Try it: Would you reproduce the data below exactly, please, leaving out its images?
== Source data
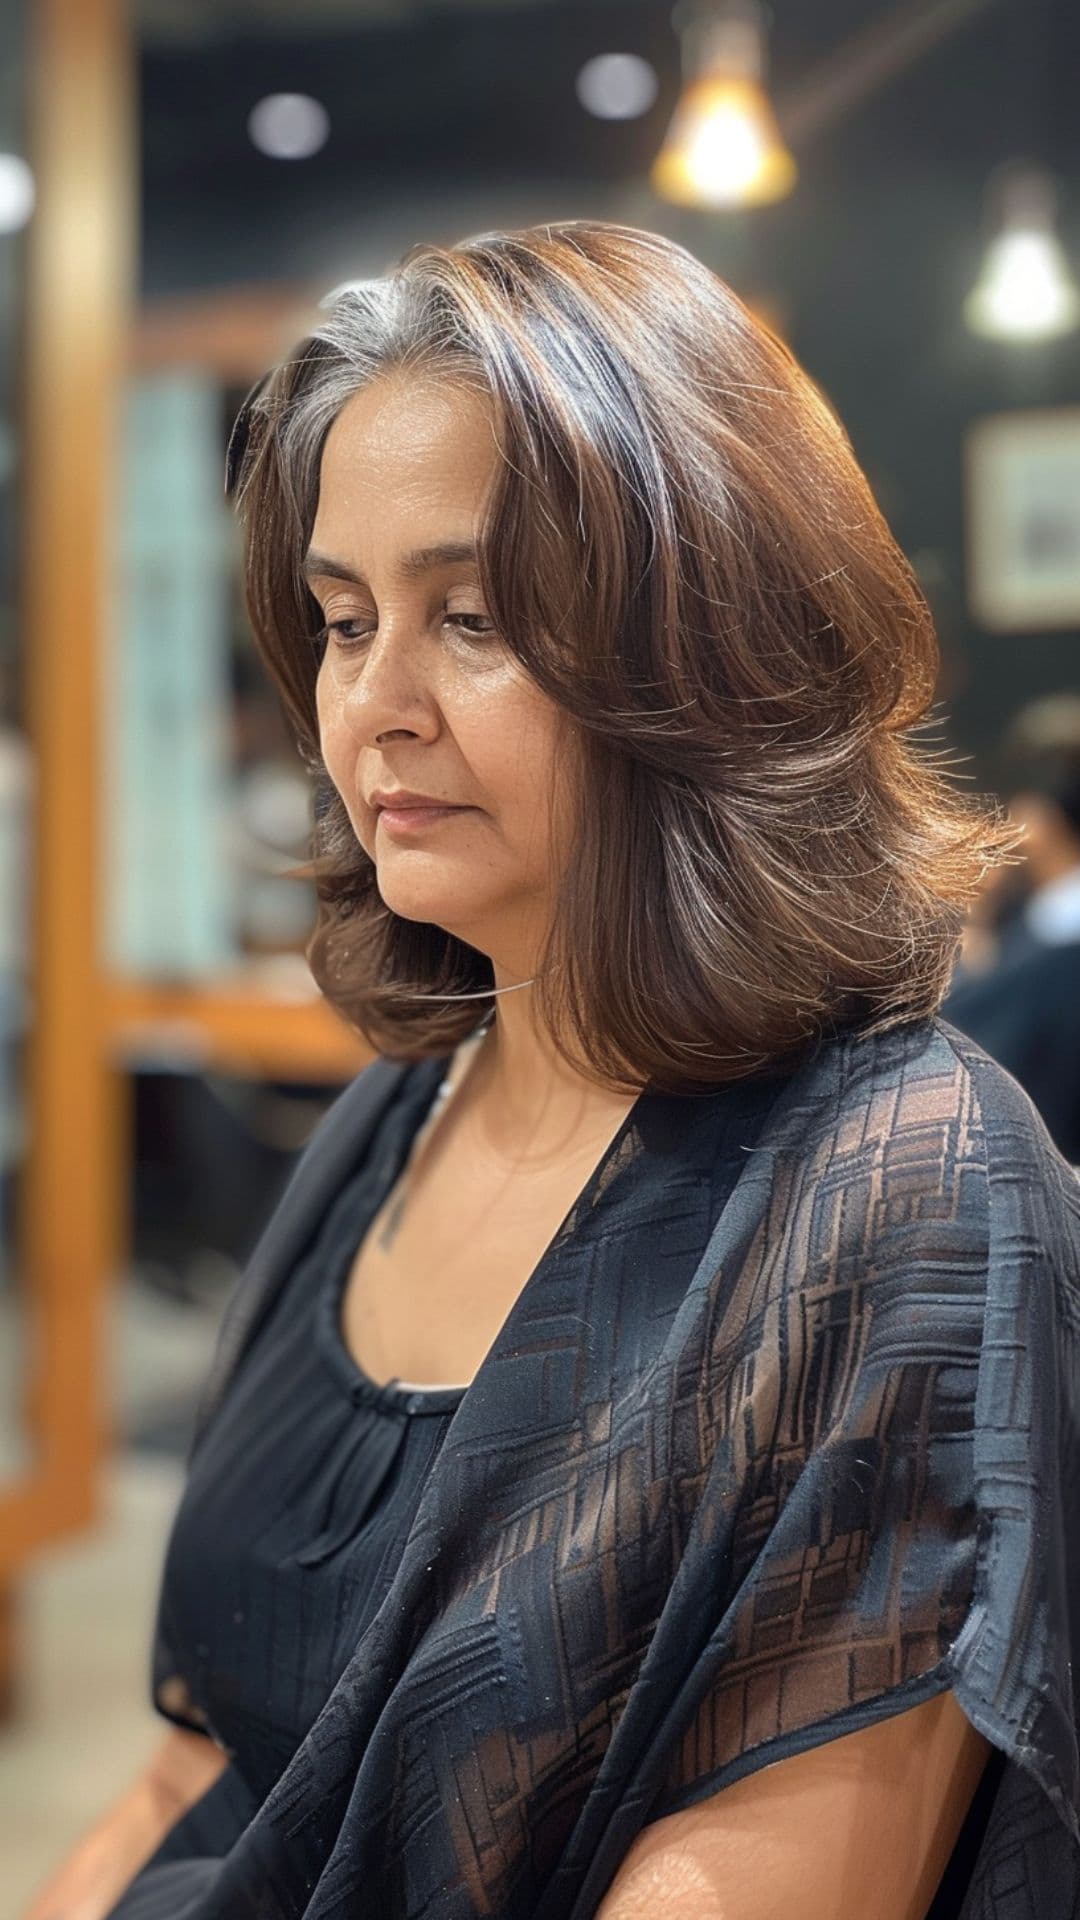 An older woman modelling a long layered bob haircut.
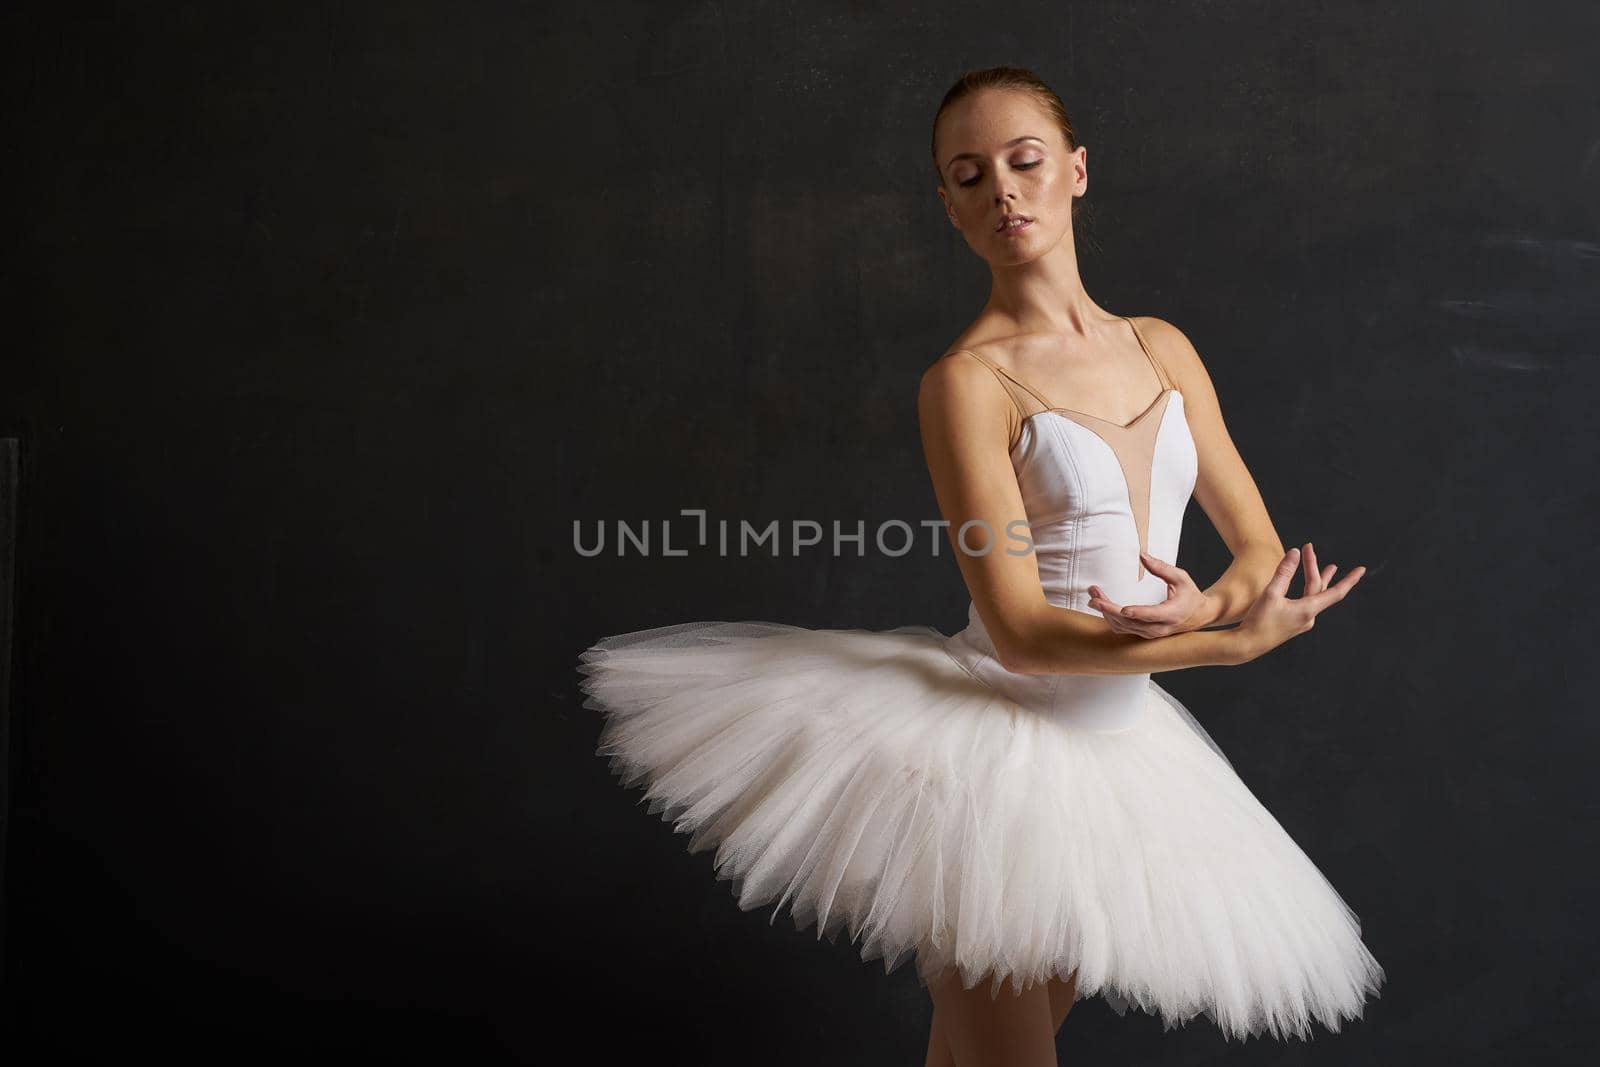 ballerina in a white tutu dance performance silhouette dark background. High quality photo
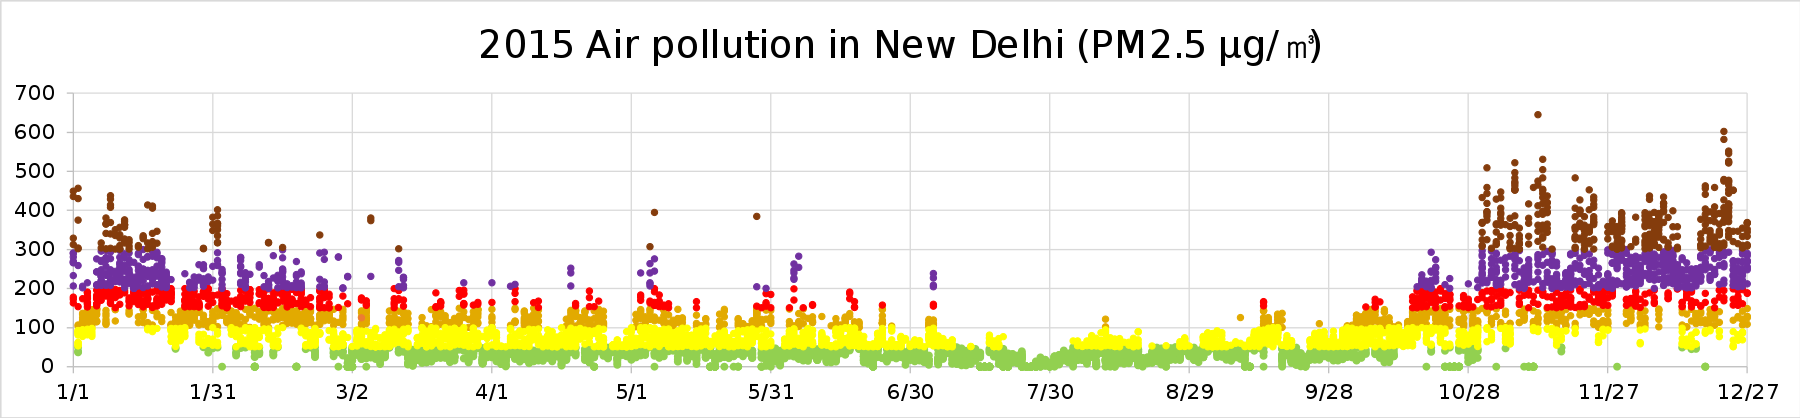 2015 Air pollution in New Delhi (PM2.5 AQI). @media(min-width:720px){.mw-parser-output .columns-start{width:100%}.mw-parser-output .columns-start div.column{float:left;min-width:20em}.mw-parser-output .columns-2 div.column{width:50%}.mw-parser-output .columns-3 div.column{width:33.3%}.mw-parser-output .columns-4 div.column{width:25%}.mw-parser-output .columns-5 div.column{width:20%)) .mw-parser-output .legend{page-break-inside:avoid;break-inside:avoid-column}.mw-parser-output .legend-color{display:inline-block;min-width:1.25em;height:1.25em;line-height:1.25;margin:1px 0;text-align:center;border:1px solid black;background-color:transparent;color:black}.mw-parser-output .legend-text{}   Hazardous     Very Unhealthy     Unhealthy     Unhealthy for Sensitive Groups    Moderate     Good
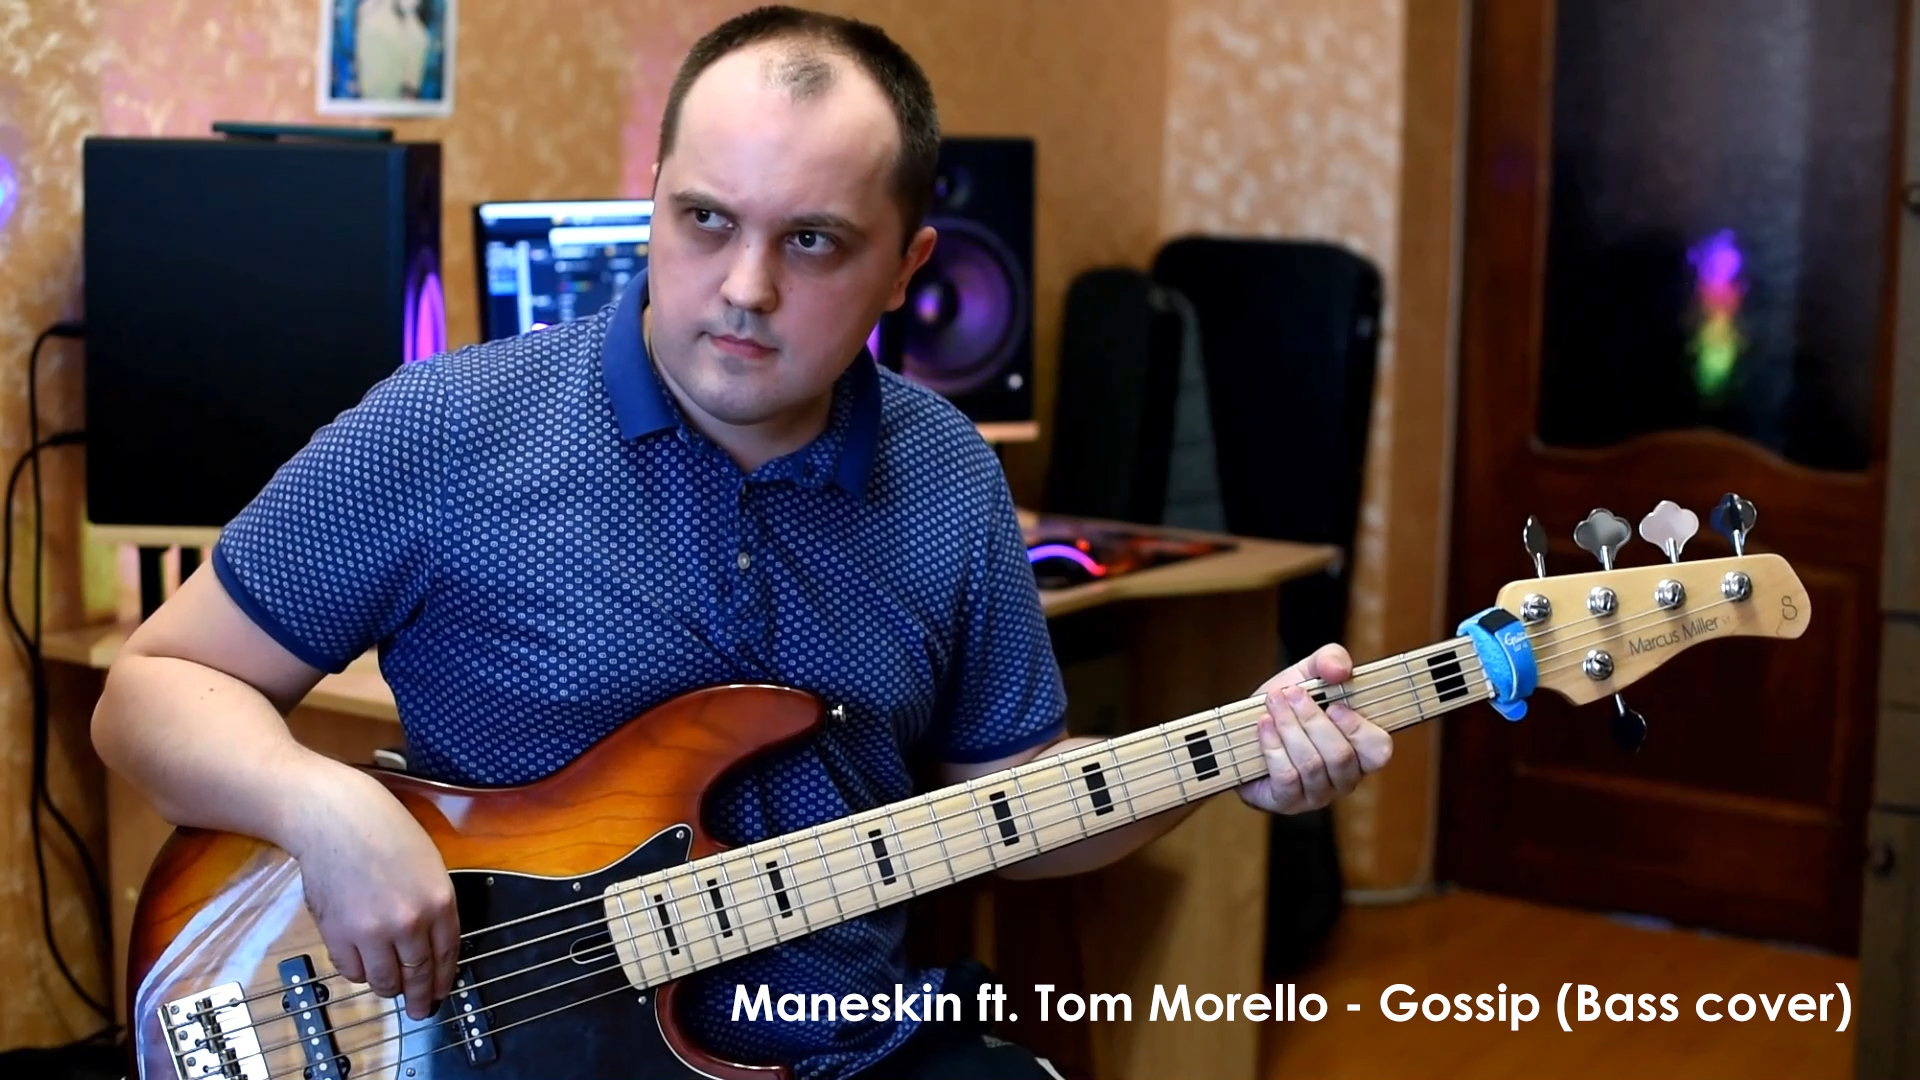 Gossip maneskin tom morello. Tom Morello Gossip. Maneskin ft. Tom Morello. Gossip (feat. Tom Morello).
====
Solution for this task:
 An older woman modelling a long layered bob haircut.
 ballerina in a white tutu dance performance silhouette dark background. High quality photo
 2015 Air pollution in New Delhi (PM2.5 AQI). @media(min-width:720px){.mw-parser-output .columns-start{width:100%}.mw-parser-output .columns-start div.column{float:left;min-width:20em}.mw-parser-output .columns-2 div.column{width:50%}.mw-parser-output .columns-3 div.column{width:33.3%}.mw-parser-output .columns-4 div.column{width:25%}.mw-parser-output .columns-5 div.column{width:20%)) .mw-parser-output .legend{page-break-inside:avoid;break-inside:avoid-column}.mw-parser-output .legend-color{display:inline-block;min-width:1.25em;height:1.25em;line-height:1.25;margin:1px 0;text-align:center;border:1px solid black;background-color:transparent;color:black}.mw-parser-output .legend-text{}   Hazardous     Very Unhealthy     Unhealthy     Unhealthy for Sensitive Groups    Moderate     Good
 Gossip maneskin tom morello. Tom Morello Gossip. Maneskin ft. Tom Morello. Gossip (feat. Tom Morello).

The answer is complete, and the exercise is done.